- Brief
Repeat the entries verbatim.

Source data
......

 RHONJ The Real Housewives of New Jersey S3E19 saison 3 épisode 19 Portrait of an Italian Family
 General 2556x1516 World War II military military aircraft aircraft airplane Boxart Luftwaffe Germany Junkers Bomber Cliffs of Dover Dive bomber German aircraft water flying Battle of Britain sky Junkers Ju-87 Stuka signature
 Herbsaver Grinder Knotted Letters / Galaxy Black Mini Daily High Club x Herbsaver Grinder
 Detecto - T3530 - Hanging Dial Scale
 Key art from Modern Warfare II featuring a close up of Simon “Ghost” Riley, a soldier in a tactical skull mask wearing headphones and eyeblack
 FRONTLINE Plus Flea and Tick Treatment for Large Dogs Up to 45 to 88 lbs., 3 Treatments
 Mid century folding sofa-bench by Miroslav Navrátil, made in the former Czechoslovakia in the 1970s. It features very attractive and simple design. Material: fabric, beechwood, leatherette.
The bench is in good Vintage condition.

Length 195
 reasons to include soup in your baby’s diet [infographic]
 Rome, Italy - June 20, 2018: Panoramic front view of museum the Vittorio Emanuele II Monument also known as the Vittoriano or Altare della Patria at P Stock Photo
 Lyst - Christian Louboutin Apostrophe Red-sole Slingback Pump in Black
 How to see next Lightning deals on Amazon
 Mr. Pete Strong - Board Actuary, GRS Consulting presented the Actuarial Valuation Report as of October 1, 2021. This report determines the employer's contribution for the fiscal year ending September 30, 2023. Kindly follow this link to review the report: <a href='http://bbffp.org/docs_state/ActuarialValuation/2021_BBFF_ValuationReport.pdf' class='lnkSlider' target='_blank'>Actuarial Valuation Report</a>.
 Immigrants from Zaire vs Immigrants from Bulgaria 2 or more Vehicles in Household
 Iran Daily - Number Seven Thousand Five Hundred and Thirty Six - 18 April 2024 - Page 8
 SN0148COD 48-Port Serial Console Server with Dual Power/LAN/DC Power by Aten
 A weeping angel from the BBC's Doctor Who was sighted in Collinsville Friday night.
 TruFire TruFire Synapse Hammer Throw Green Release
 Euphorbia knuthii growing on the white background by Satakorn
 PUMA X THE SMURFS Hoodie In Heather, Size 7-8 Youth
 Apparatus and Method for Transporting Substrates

......

- Task answer
 RHONJ The Real Housewives of New Jersey S3E19 saison 3 épisode 19 Portrait of an Italian Family
 General 2556x1516 World War II military military aircraft aircraft airplane Boxart Luftwaffe Germany Junkers Bomber Cliffs of Dover Dive bomber German aircraft water flying Battle of Britain sky Junkers Ju-87 Stuka signature
 Herbsaver Grinder Knotted Letters / Galaxy Black Mini Daily High Club x Herbsaver Grinder
 Detecto - T3530 - Hanging Dial Scale
 Key art from Modern Warfare II featuring a close up of Simon “Ghost” Riley, a soldier in a tactical skull mask wearing headphones and eyeblack
 FRONTLINE Plus Flea and Tick Treatment for Large Dogs Up to 45 to 88 lbs., 3 Treatments
 Mid century folding sofa-bench by Miroslav Navrátil, made in the former Czechoslovakia in the 1970s. It features very attractive and simple design. Material: fabric, beechwood, leatherette.
The bench is in good Vintage condition.

Length 195
 reasons to include soup in your baby’s diet [infographic]
 Rome, Italy - June 20, 2018: Panoramic front view of museum the Vittorio Emanuele II Monument also known as the Vittoriano or Altare della Patria at P Stock Photo
 Lyst - Christian Louboutin Apostrophe Red-sole Slingback Pump in Black
 How to see next Lightning deals on Amazon
 Mr. Pete Strong - Board Actuary, GRS Consulting presented the Actuarial Valuation Report as of October 1, 2021. This report determines the employer's contribution for the fiscal year ending September 30, 2023. Kindly follow this link to review the report: <a href='http://bbffp.org/docs_state/ActuarialValuation/2021_BBFF_ValuationReport.pdf' class='lnkSlider' target='_blank'>Actuarial Valuation Report</a>.
 Immigrants from Zaire vs Immigrants from Bulgaria 2 or more Vehicles in Household
 Iran Daily - Number Seven Thousand Five Hundred and Thirty Six - 18 April 2024 - Page 8
 SN0148COD 48-Port Serial Console Server with Dual Power/LAN/DC Power by Aten
 A weeping angel from the BBC's Doctor Who was sighted in Collinsville Friday night.
 TruFire TruFire Synapse Hammer Throw Green Release
 Euphorbia knuthii growing on the white background by Satakorn
 PUMA X THE SMURFS Hoodie In Heather, Size 7-8 Youth
 Apparatus and Method for Transporting Substrates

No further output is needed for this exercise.